The RNA world idea within the origin of life field centres around the observation that the RNA molecule can do both: carry information (e.g., mRNA) and perform catalytic reactions (e.g., the ribosome – the protein synthesis factory in our cells).For the RNA world hypothesis to be true, there must have been some “intermediate ”complex assemblies between simple RNA building blocks and fully functional RNA catalytic/self-replicating systems. Having worked on peptide-gels for over a decade,we noted that recent studies in biology suggested that peptides and RNA readilyform gel like structures under certain conditions.
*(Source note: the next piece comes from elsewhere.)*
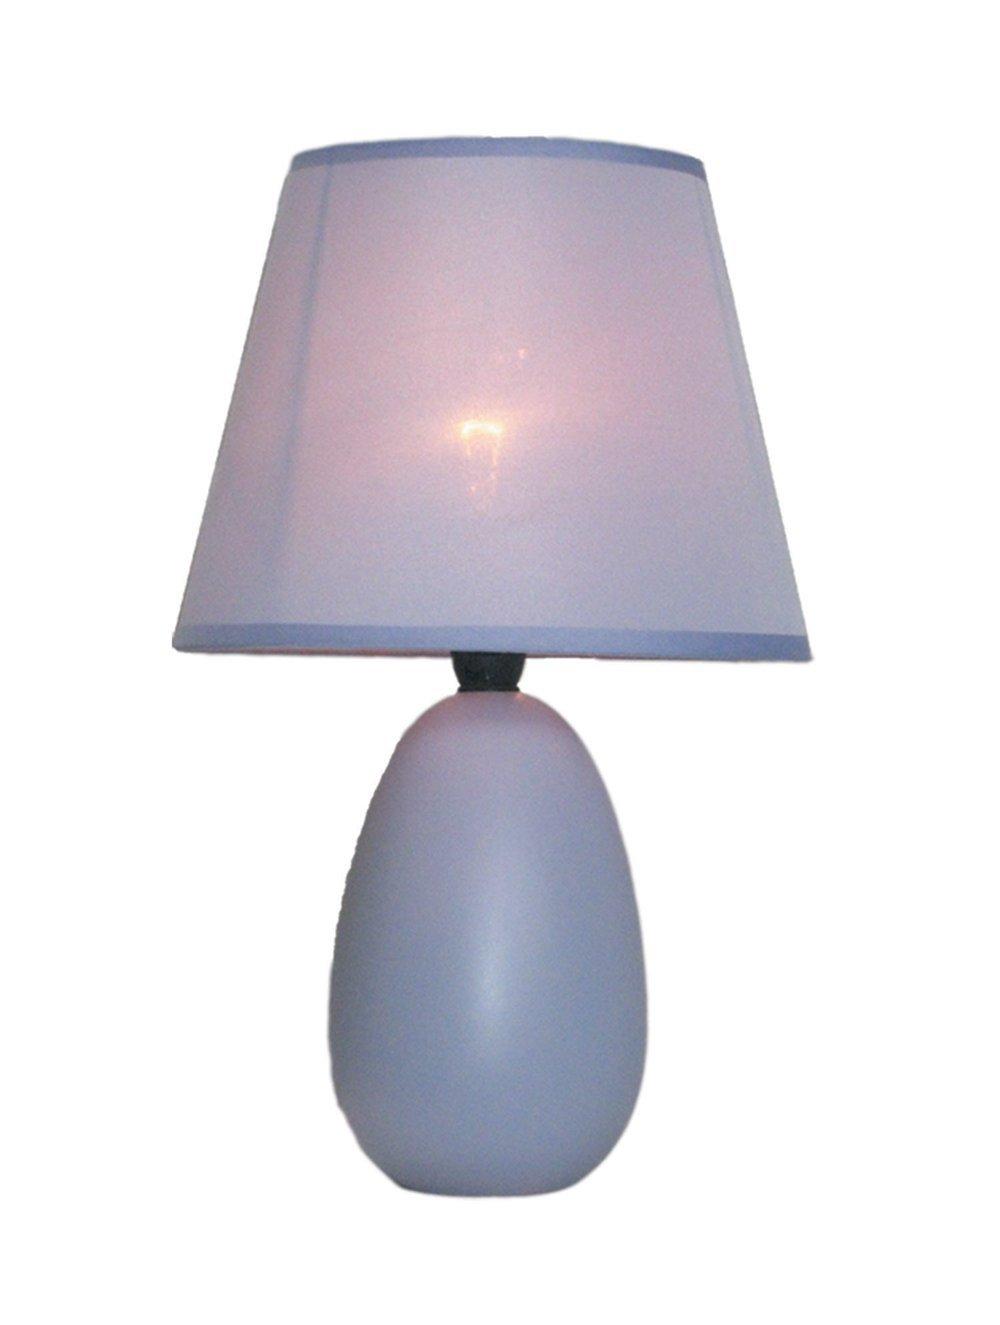 Simple Designs LT2009-PRP Mini Oval Egg Ceramic Table Lamp, Purple

We have therefore been investigating if gel formation from short RNA and peptide molecules could form gel-like aggregates and ultimately, if these could provide a pre-biotic chemistry relevant path to for a proto-ribosome to chemically evolve from the pre-biotic soup of chemicals.

 

Having also worked for a decade within the field of nanomedicine and targeted delivery with nanoparticles, the potential important of understanding better how peptides could also aid in the delivery of RNA therapeutics was not lost on us. Having first approached our state government in 2019, the recent pandemic and the successful deployment of mRNA vaccines then enabled us to rally scientists for Universities and Medical research organisation from across the state, and work with like-minded groups in other states, to advance the vision of making Australia a powerhouse in the emerging RNA ecosystem.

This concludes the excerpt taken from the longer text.